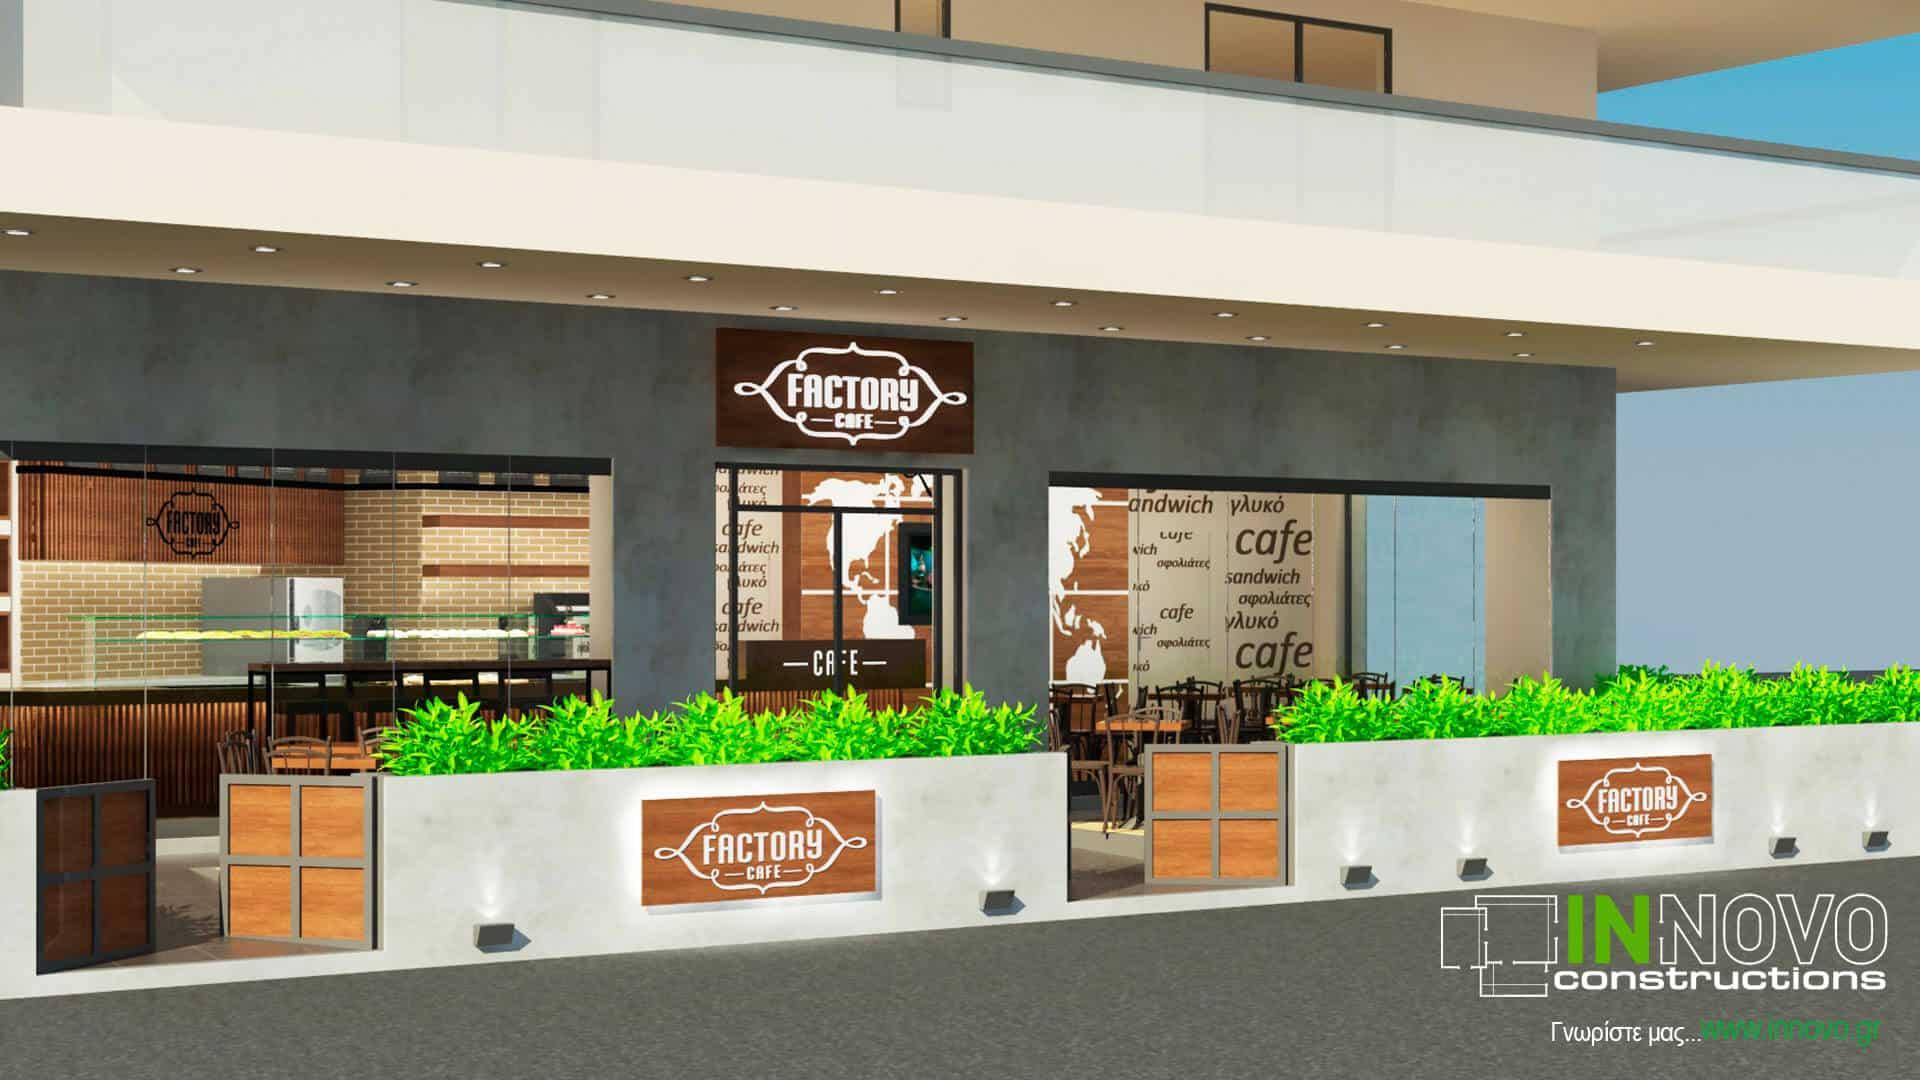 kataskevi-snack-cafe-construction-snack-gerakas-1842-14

——————————

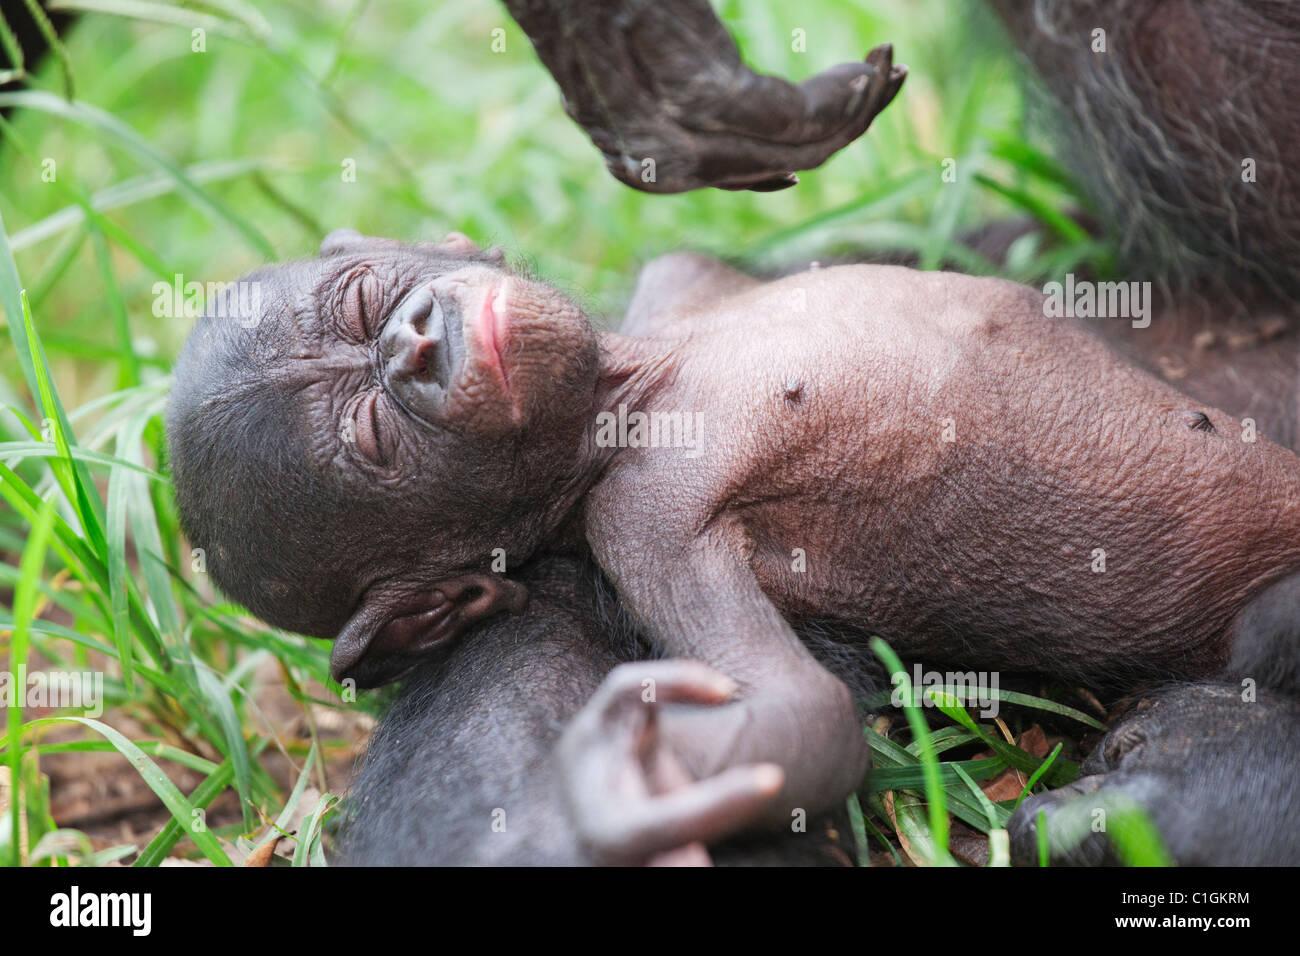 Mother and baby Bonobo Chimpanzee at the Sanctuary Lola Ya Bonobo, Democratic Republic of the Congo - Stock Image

——————————

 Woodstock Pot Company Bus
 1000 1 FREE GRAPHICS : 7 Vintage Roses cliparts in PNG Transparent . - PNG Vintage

——————————

• **WORK TO COMPLETE**: Both the line containing "Woodstock Pot Company Bus" and the line containing "1000 1 FREE" belong in the answer. Print them and every line above that falls between them exactly, and no others.

• **EXERCISE ANSWER**:
 Woodstock Pot Company Bus
 1000 1 FREE GRAPHICS : 7 Vintage Roses cliparts in PNG Transparent . - PNG Vintage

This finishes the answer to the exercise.